Scot Shields announces his retirement

Reporting from Tempe, Ariz. — Scot Shields, the Angels’ highly efficient setup man for much of the last decade, announced his retirement Friday.

Shields, 35, suffered through a knee injury and arm pain in recent years, but from 2004 through 2008 he struck out 432 batters in 435 innings, setting up Francisco Rodriguez in the team’s dominant bullpen.

“He evolved into the gold standard of what setup men are,” Angels Manager Mike Scioscia said. “He could’ve gone a lot of places and been a closer, but he was committed to this organization and this organization was committed to him.

“He accepted his role and became the best at it”


Angels’ Kendrys Morales is a longshot for opening day

Since the “hold” statistic was created in 1999, no American League pitcher has more than Shields’ 155.

Shields said in a conference call with reporters that though he had an opportunity with another team to continue pitching, “Nothing seemed like the right fit. I had to talk myself into playing. I just didn’t have it. My mind has been made up for a while.”
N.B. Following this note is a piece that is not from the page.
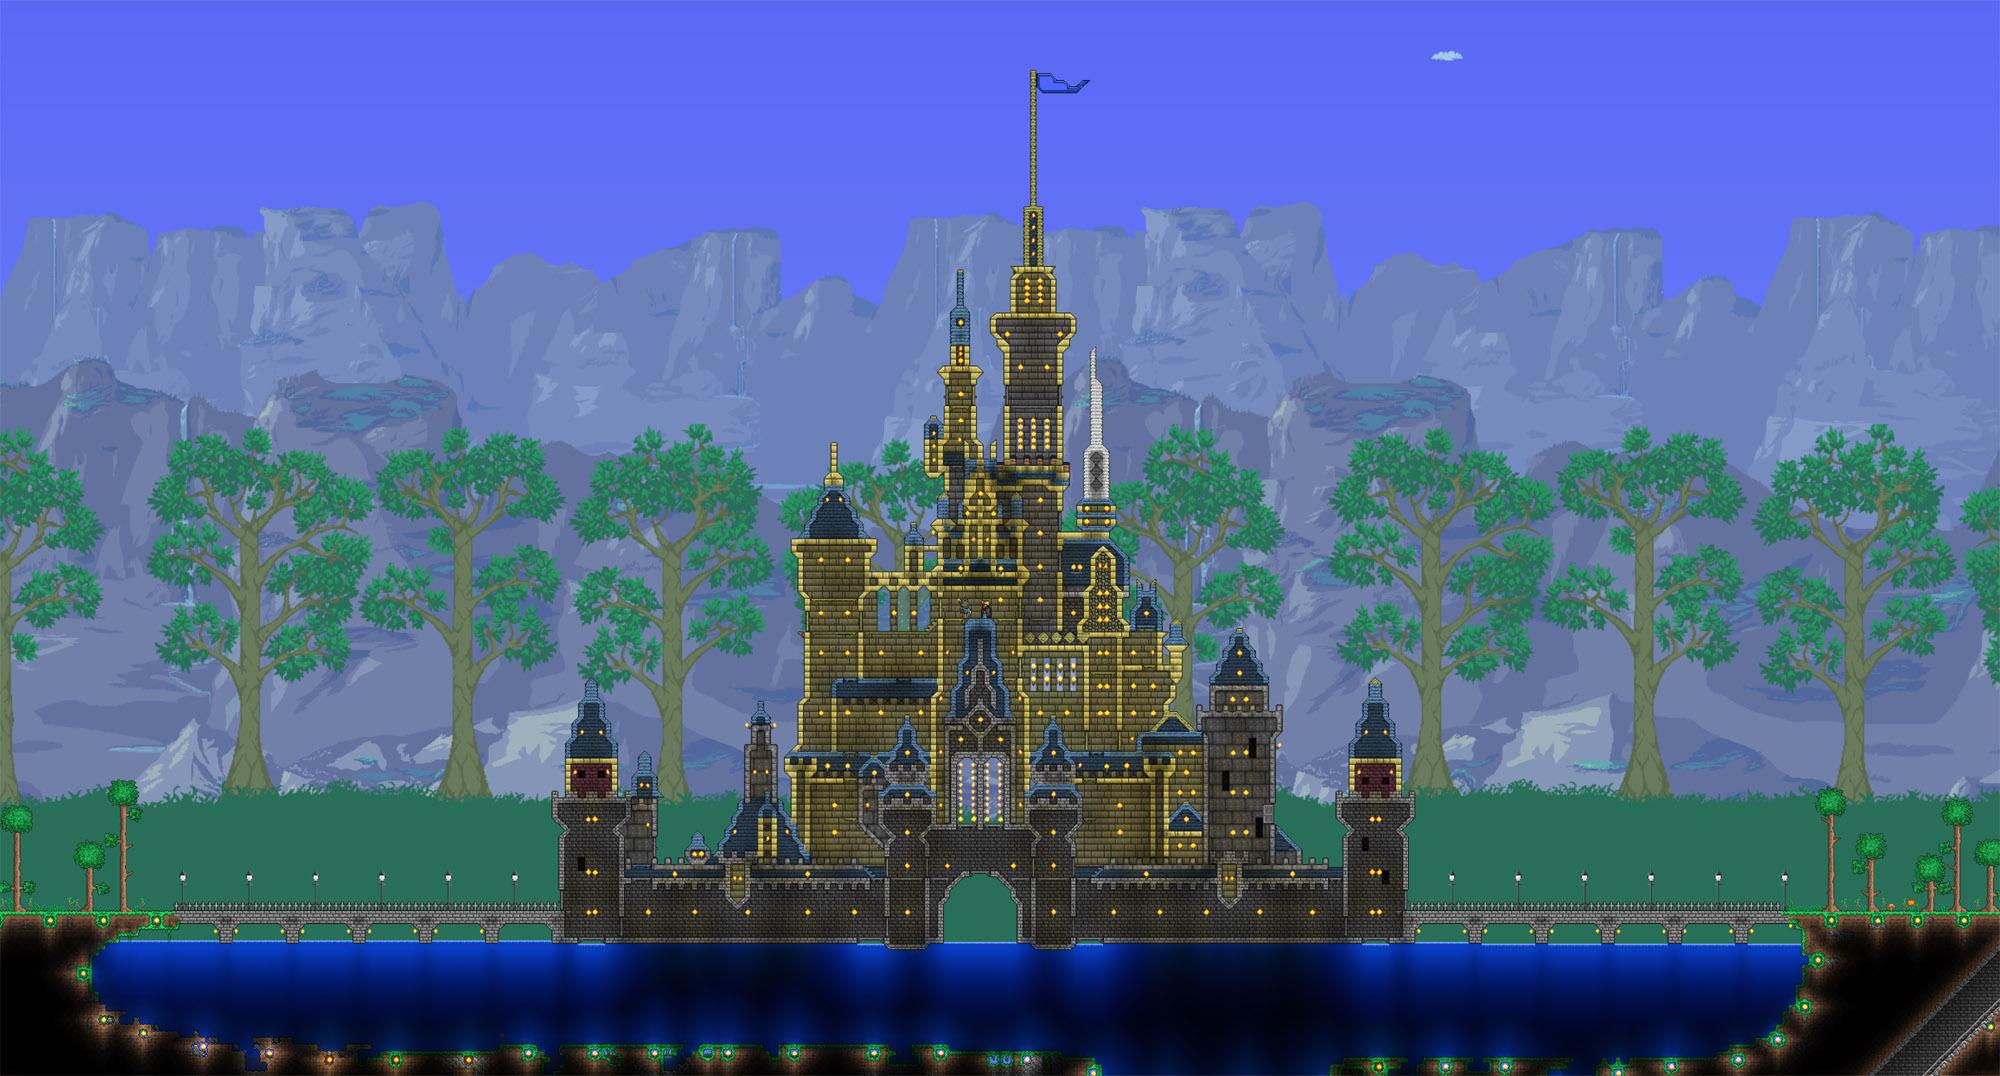 steam コミュニティ スクリーンショット disney castle by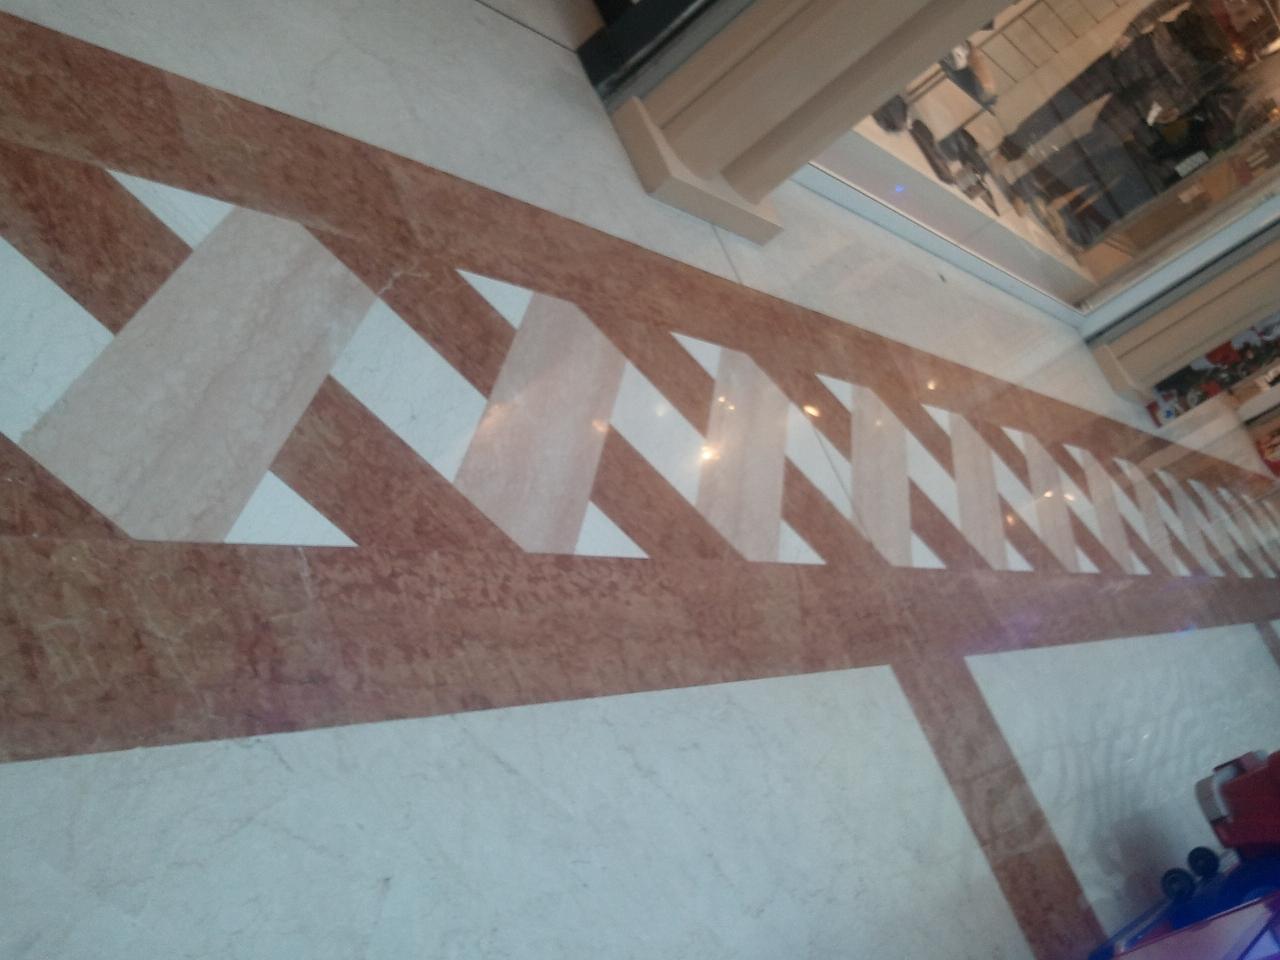 Pavimento Rosso E Bianco : Zem enrico marmi vendita piastrelle di marmo e pietra da tutto il

Shields said he will fondly recall pitching in the 2002 World Series and joining Rodriguez as 100-strikeout relievers in 2005. He expressed no regret over never being a full-time closer.


“I didn’t back down from anybody,” he said. “I had some walks, but I was, ‘Here it is, hit it,’ and that attitude helped me out a lot.”

Waiting game

Second baseman Howie Kendrick filled in at first base Friday while the team continued to wait on the recovery of Kendrys Morales from last year’s fractured left leg.

“I don’t know what’s going to happen, but I’ve played [first] in the past and it’s all about getting some time,” Kendrick said. “We have a lot of guys who can step in there, but you want [Morales’] bat in there. You’re missing his power, hitting and defense.”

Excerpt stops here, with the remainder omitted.